A simple camera telephoto lens consists of two lenses. The objective lens has a focal length f1 = +41.7 cm. Precisely 36.1 cm behind this lens is a concave lens with a focal length f2 = -13.9 cm. The object to be photographed is 4.06 m in front of the objective lens.
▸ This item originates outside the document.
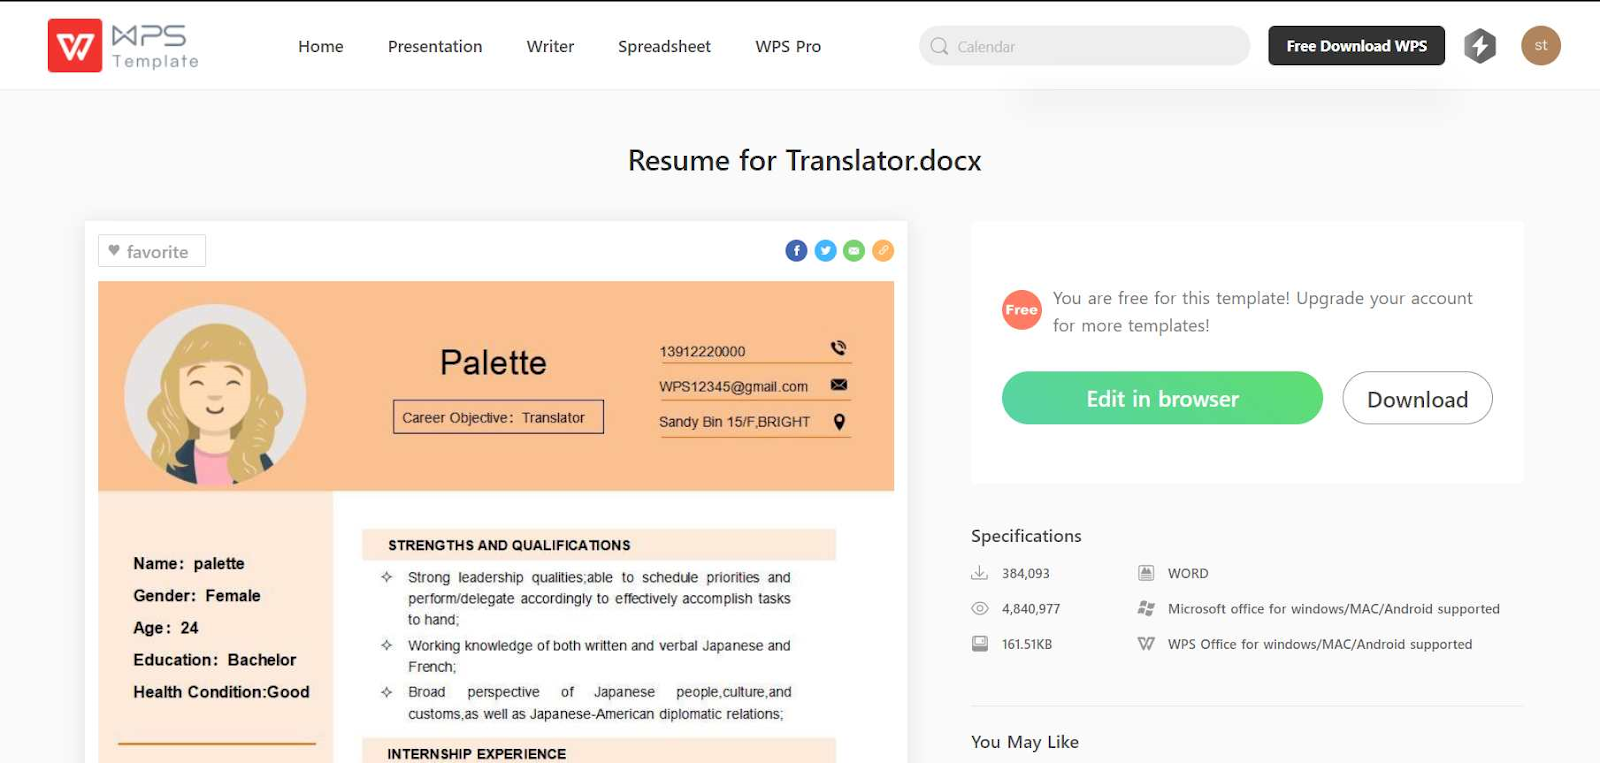 Resume for Translator

How far behind the concave lens should the film be placed?

What is the lateral magnification of this lens combination?

10

To find out how far behind the concave lens the film should be placed, we can use the lens formula:

1/f = 1/v - 1/u

Where:
- f is the focal length of the lens
- v is the image distance (distance behind the lens where the image is formed)
- u is the object distance (distance in front of the lens where the object is placed)

For the objective lens:
f1 = +41.7 cm
u1 = 4.06 m (converted to cm)
v1 = ?

Plugging in the values into the lens formula, we have:
1/41.7 = 1/v1 - 1/406

Simplifying the equation, we get:
1/v1 = 1/41.7 + 1/406

1/v1 = (406 + 41.7) / (41.7 * 406)

1/v1 = 447.7 / 16977.2

v1 = 16977.2 / 447.7
v1 ≈ 37.91 cm

So, the image formed by the objective lens is approximately 37.91 cm behind the lens.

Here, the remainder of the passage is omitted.